2.4. Case studies of producer's and talent revenue-sharing imputation.

In this part of the paper the author would like to show the realization of the methodology and test its applicability of specific examples. Let's consider the creation of three movies: "Inception" (2010), "Alice in Wonderland"(2010) and "Terminator 3: Rise of the Machines" (2003) and try to calculate the income imputations for each of them.

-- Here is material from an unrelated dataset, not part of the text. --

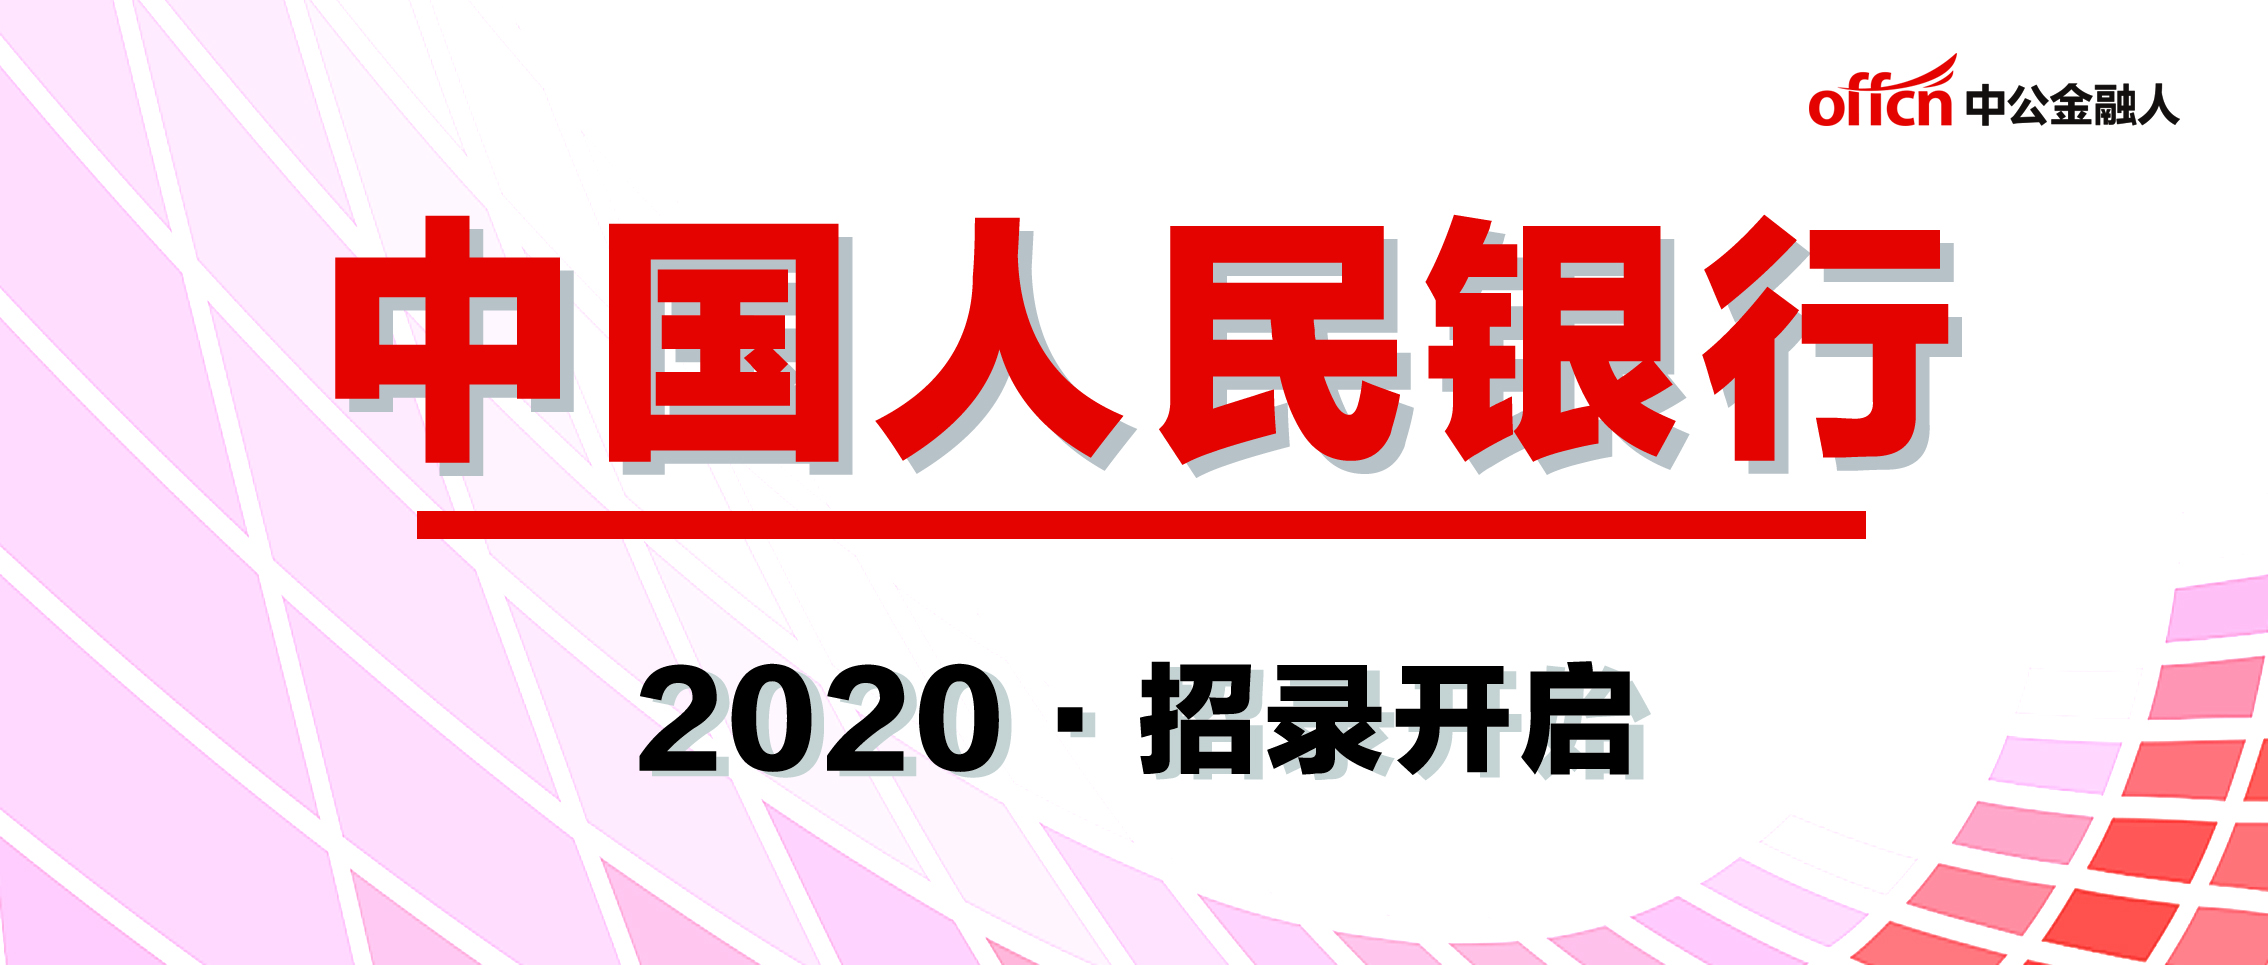 2020中国人民银行招聘考试,招聘岗位

Movie Inception. Let's start with Christopher Nolan's movie "Inception", the main role in which was performed by Leonardo DiCaprio. This movie initially had a very large budget of $160 mln (IMDb) due to the star cast and massive special effects, consequently, quite a massive payoff was also expected. It is necessary to state here that although the main trajectory of this paper is devoted to the independent movie production, the case of "Inception" is actually the situation, when the producer is affiliated with the studio (i.e. distributor). The thing here is that financing of "Inception" was quite a complicated deal, since the budget was quite large. The The rights for the movie were in the possession of Christopher Nolan, because he wrote the original script, thus, he decided to co-produce this movie with another producer Emma Thomas. The deal with Warner Bros. was arranged, and all the financing was provided by the studio. Later Warner Bros. distributed the movie for the US theatrical release. Now let's try to model the game situation, as if we were in the shoes of people making decisions on the revenue distribution. In the situation considered the following participants claim for the revenue share: the studio (who was the investor of the project), the leading actor, A-lister Leonardo DiCaprio and the director (and at the same time the scriptwriter and the co-producer of the project) Christopher Nolan. Let's call them Player 1, Player 2 and Player 3 correspondingly. All them due to their high power of influence claim for the revenue and not profit participation share.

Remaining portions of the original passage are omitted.